The ministry and the Vietnam Chamber of Commerce and Industry jointly held a meeting to gather opinions about the new Husbandry Law on December 7 in HCM City.

Nguyen Van Ngoc, vice head of the Animal Husbandry Association in south-eastern Vietnam, supported the ban on imported animal organs, saying that exported products must meet difficult requirements while Vietnam is far too lax on the meat it imports.

"Why must domestically-made products have traceable origins while imported products don't have to follow the regulations in HCM City? In other countries, frozen products have a six-month expiry while rules about labels and origins in Vietnam are lax.

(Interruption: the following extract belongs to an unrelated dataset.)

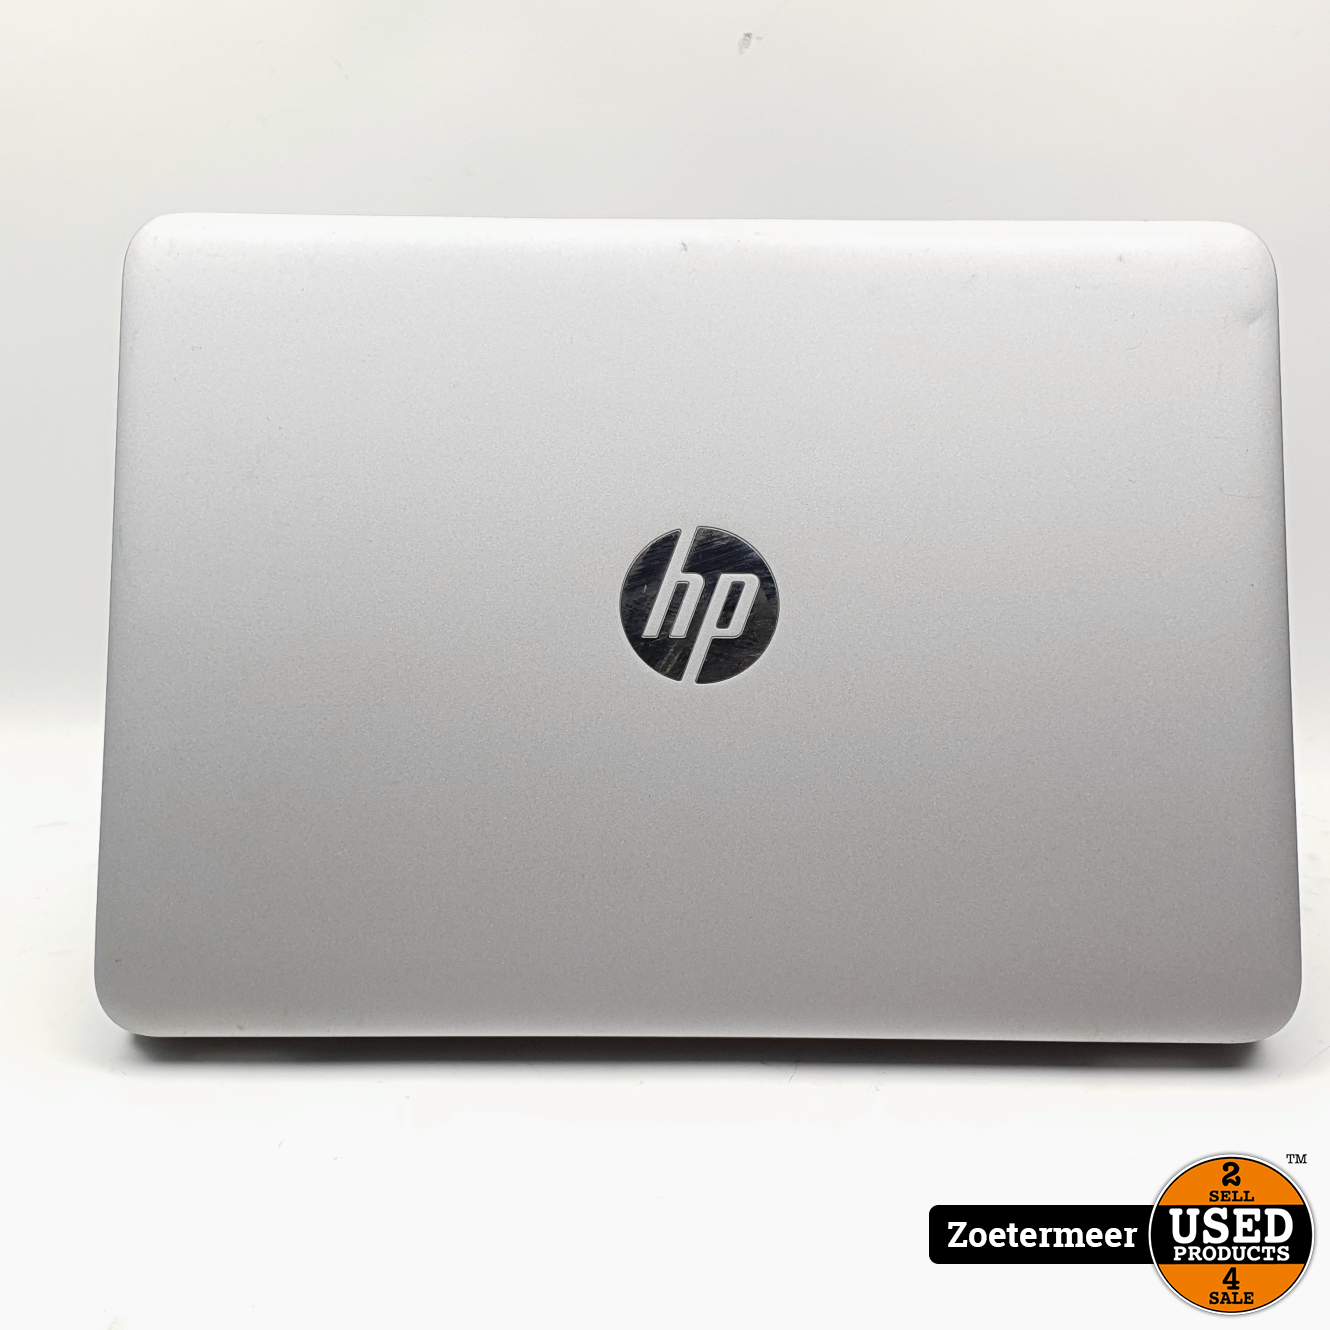 auteur geur Landelijk hp HP Elitebook 820 G4 Laptop || i5-7200U || 120GB SSD || 8GB RAM - Used  Products Zoetermeer

We need some kind of mechanism to hold foreign slaughterhouses responsible for their imported products," he said.

According to Hoang Thanh Van, director of the Department of Livestock Production, there are many problems in the management of livestock.

He proposed to tighten management over imported agriculture products including issuing bans on importing animal organs, and old and culled poultry. In the past years, old cows and culled chickens as well as a large amount of cheap pig and chicken offal have been imported and sold at restaurants. Not only such products have low quality, but they may also carry toxic substances.

He went on to say that the new law will help reform the administrative system and meet requirements for global integration.